WORK REQUIRED:
The answer must reproduce the listing exactly, with every picture left out.

DATA PROVIDED:
○ ○ ○ ○ ○ ○ ○

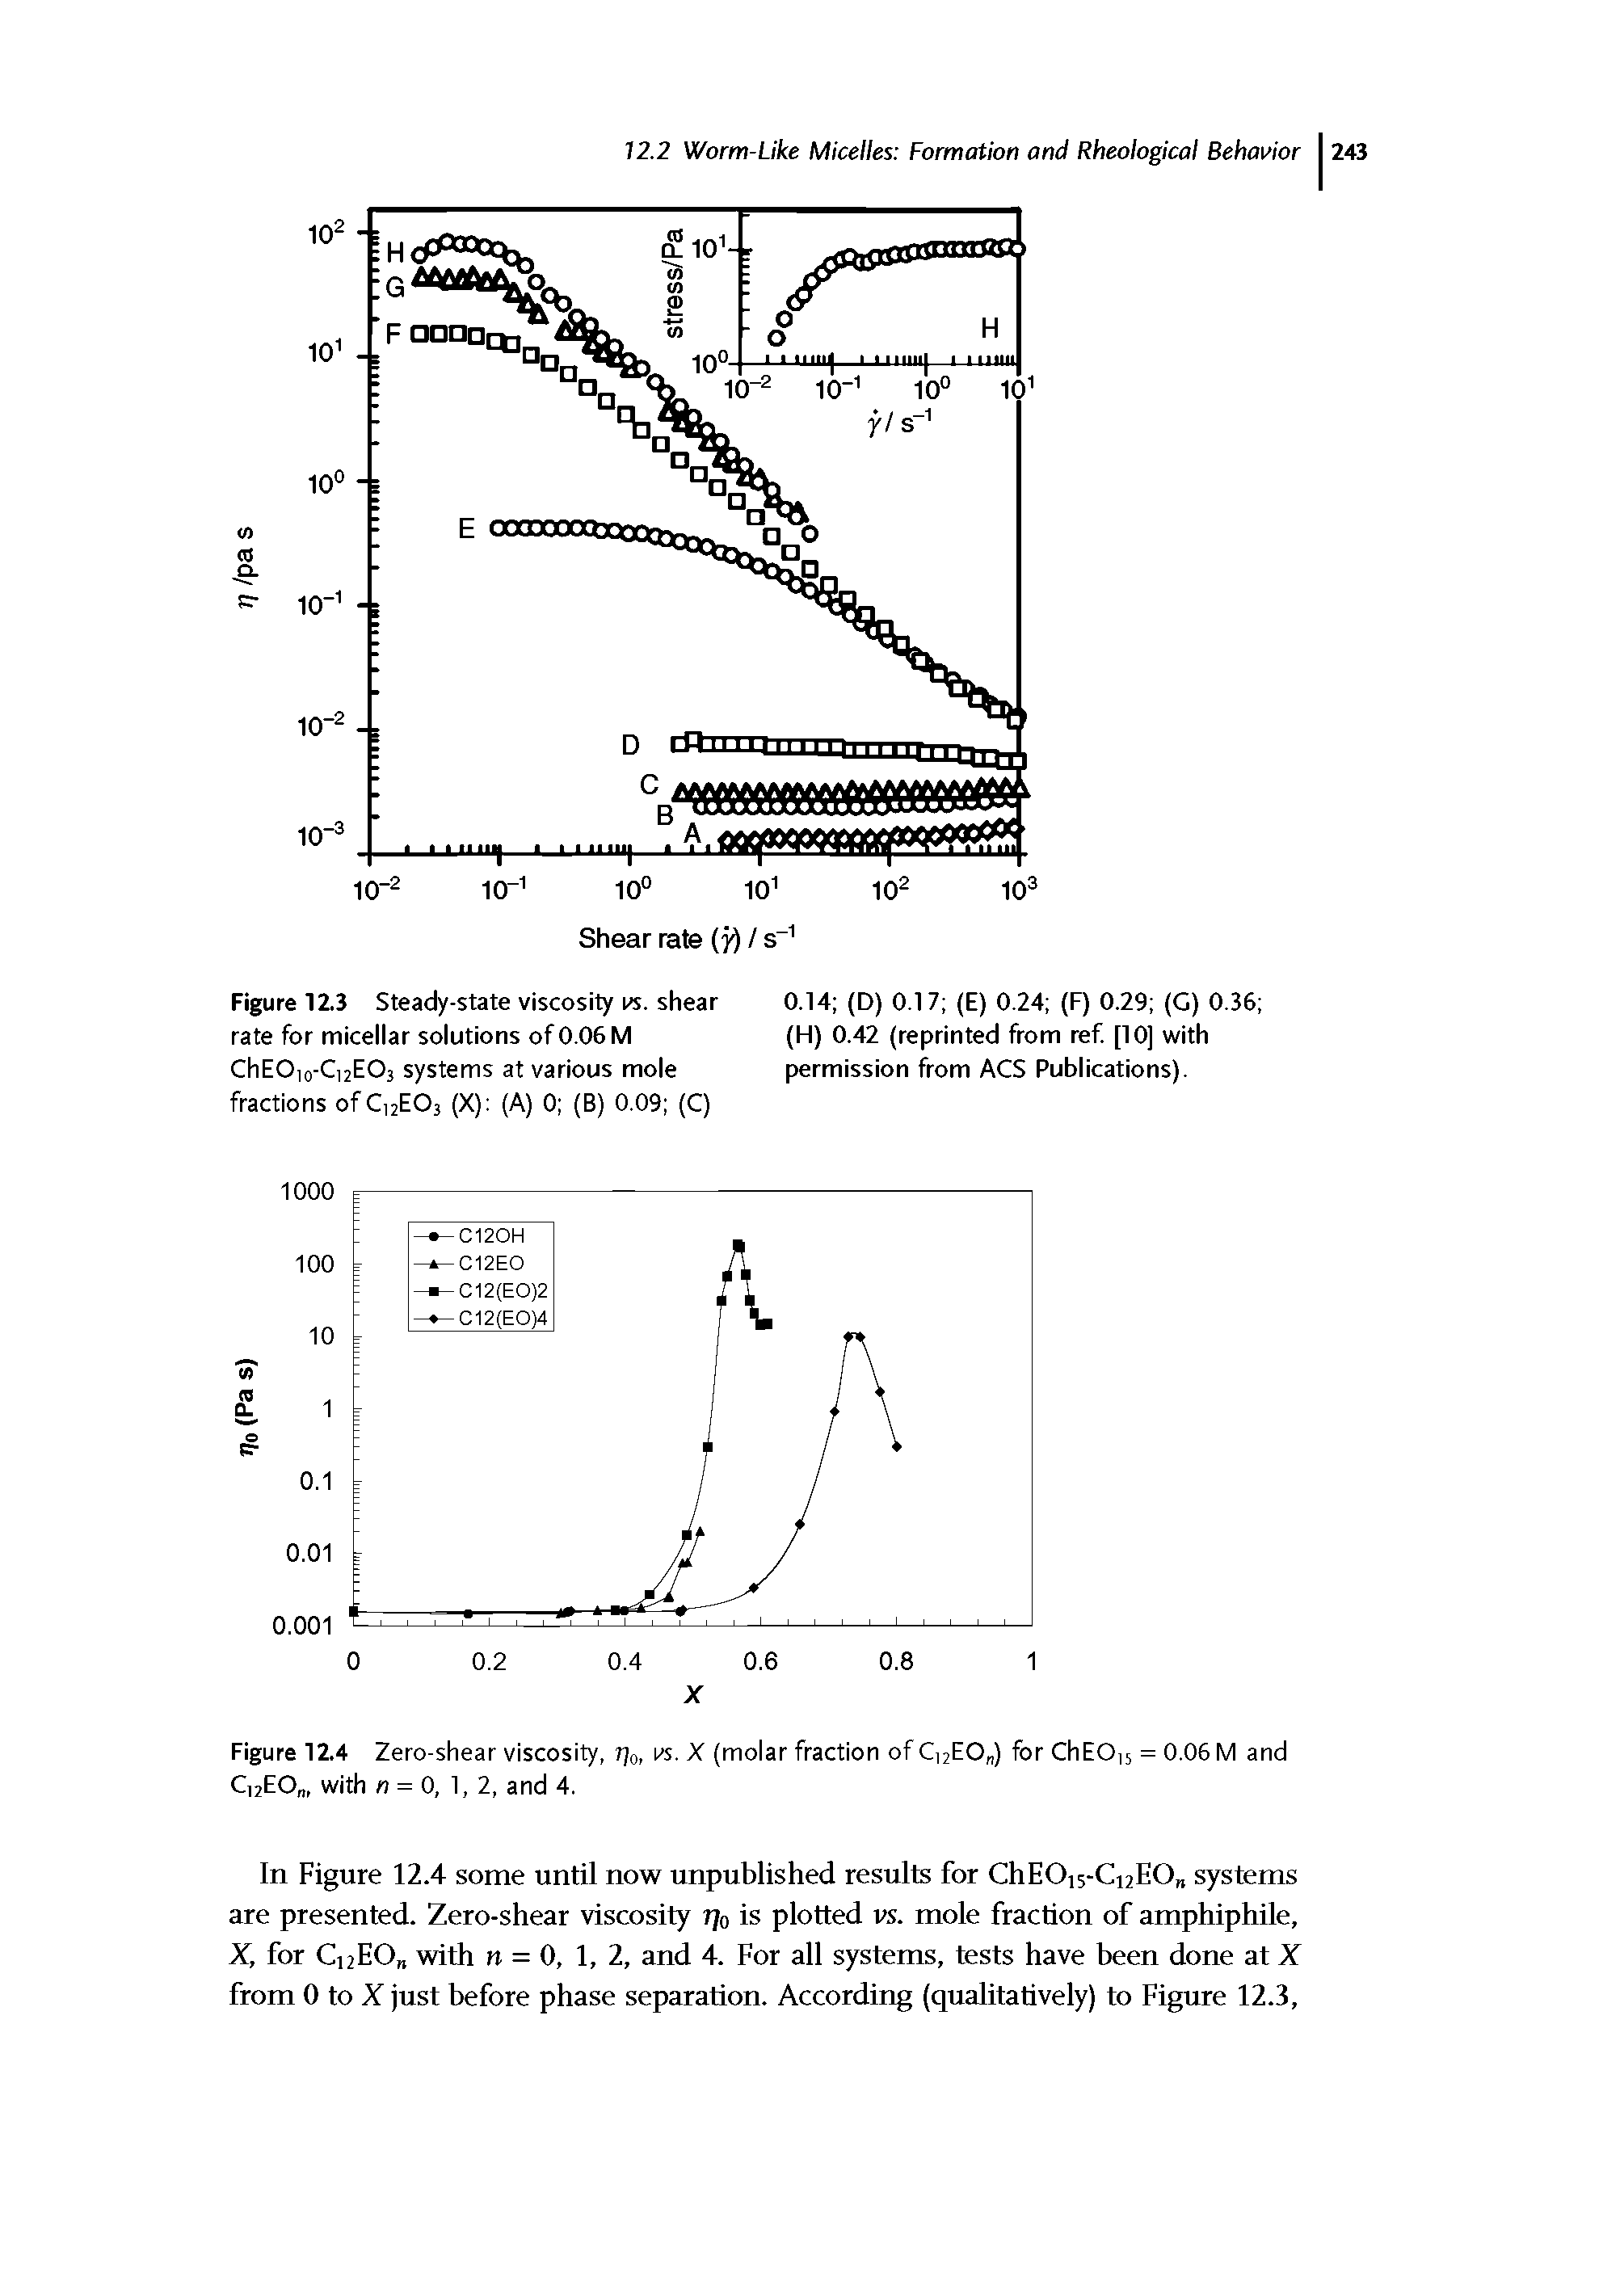 Figure 12.3 Steady-state viscosity vs. shear rate for micellar solutions of 0.06 M ChEOio-Ci2E03 systems at various mole fractions of CizEOj (X) (A) 0 (B) 0.09 (C)...
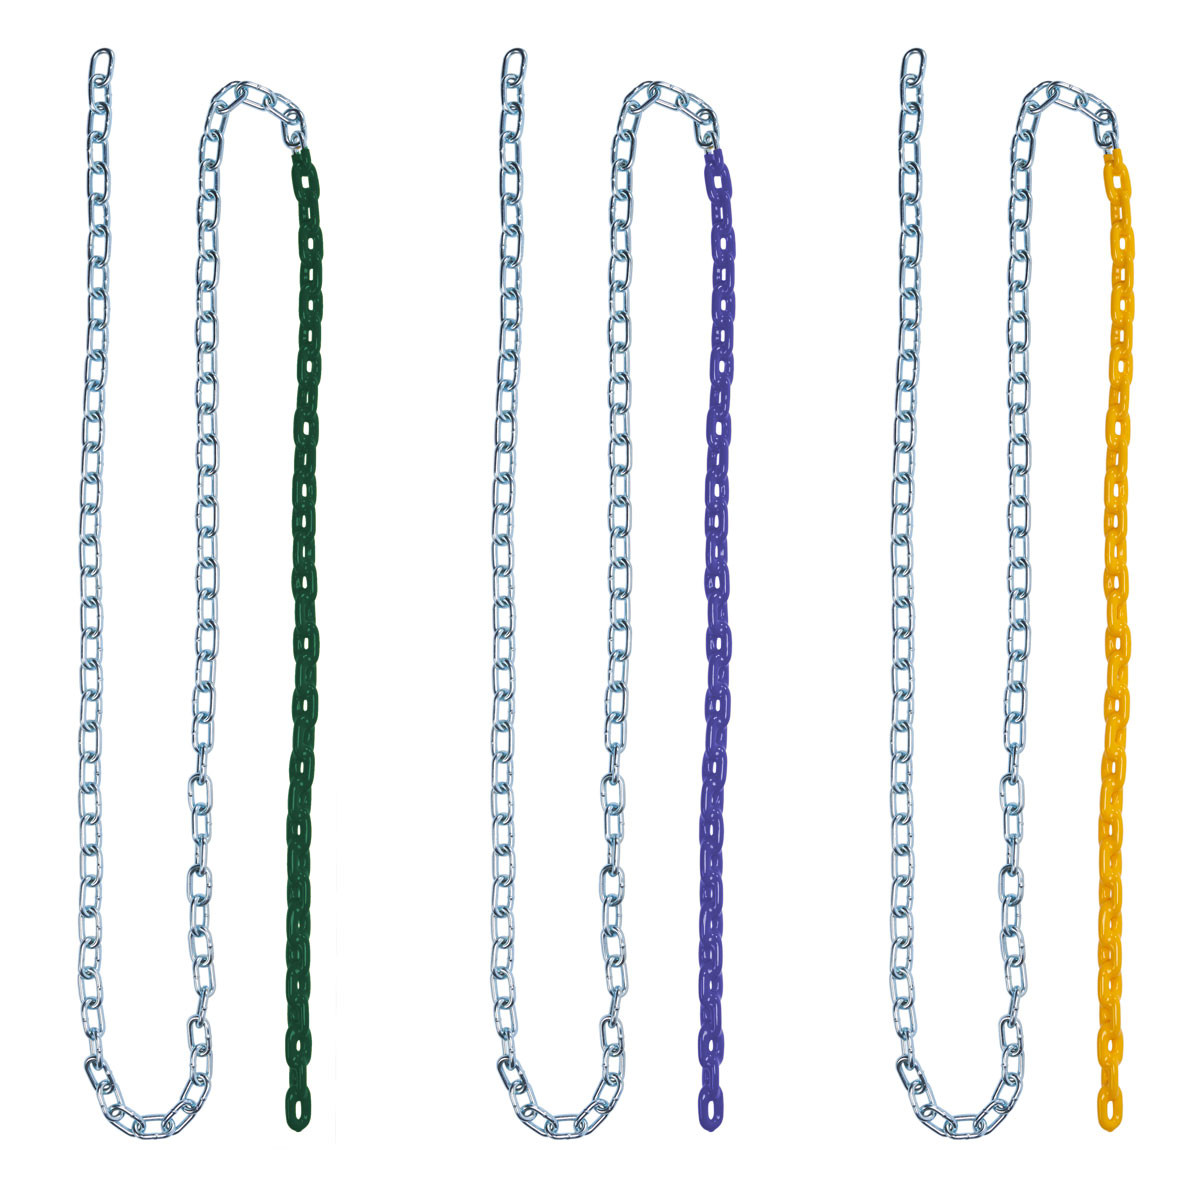 Plastisol Coated Swing Chain - Blue, Green, Yellow
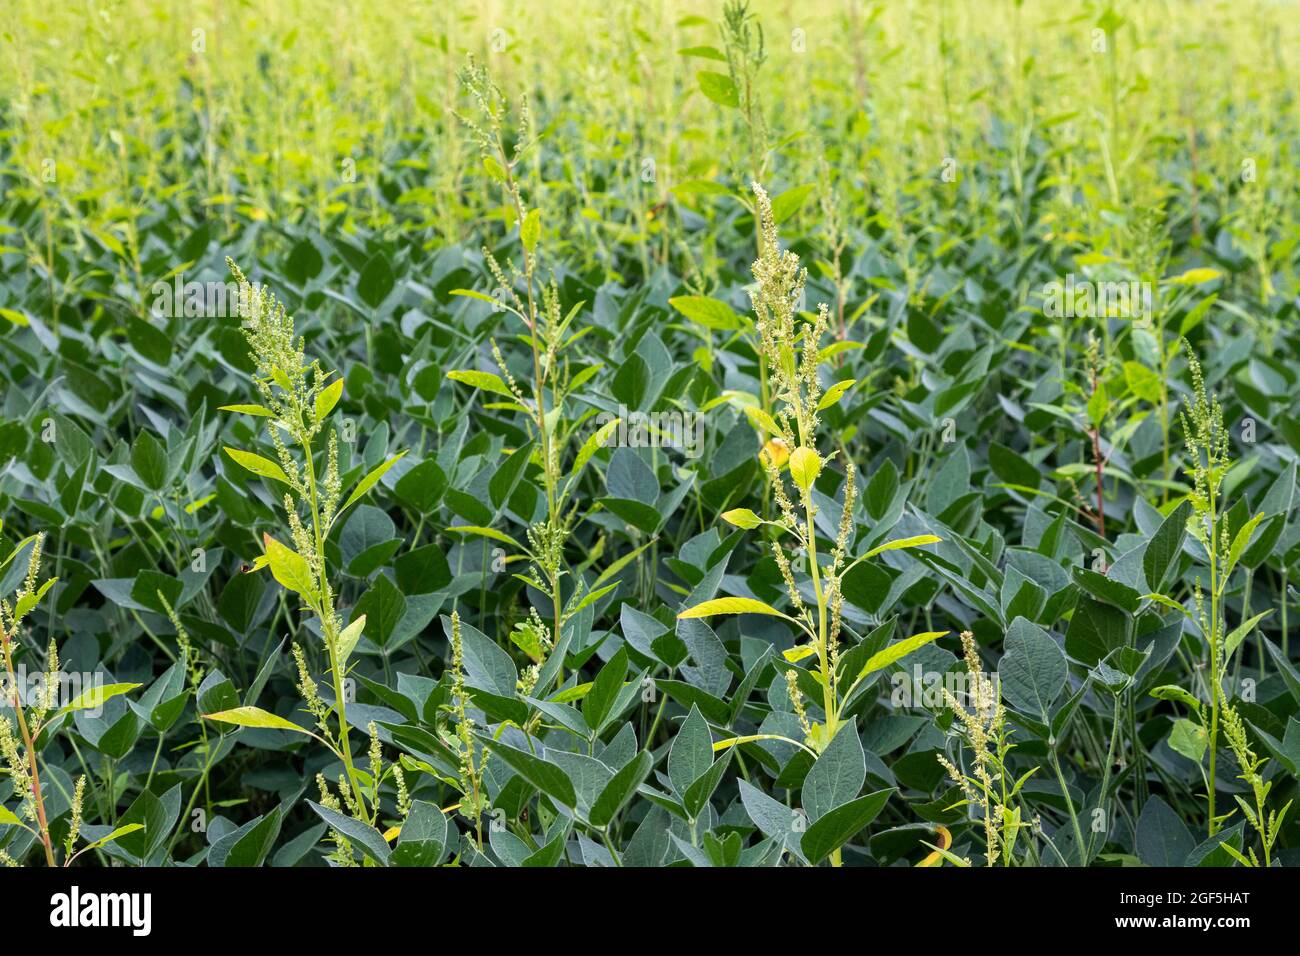 Three Oaks, Michigan - An herbicide-resistant weed, Palmer amaranth, growing in a field of soybeans. The weed has developed resistance to the most pow Stock Photo

○ ○ ○ ○ ○ ○ ○

SOLUTION TO THIS EXERCISE:
 Figure 12.3 Steady-state viscosity vs. shear rate for micellar solutions of 0.06 M ChEOio-Ci2E03 systems at various mole fractions of CizEOj (X) (A) 0 (B) 0.09 (C)...
 Plastisol Coated Swing Chain - Blue, Green, Yellow
 Three Oaks, Michigan - An herbicide-resistant weed, Palmer amaranth, growing in a field of soybeans. The weed has developed resistance to the most pow Stock Photo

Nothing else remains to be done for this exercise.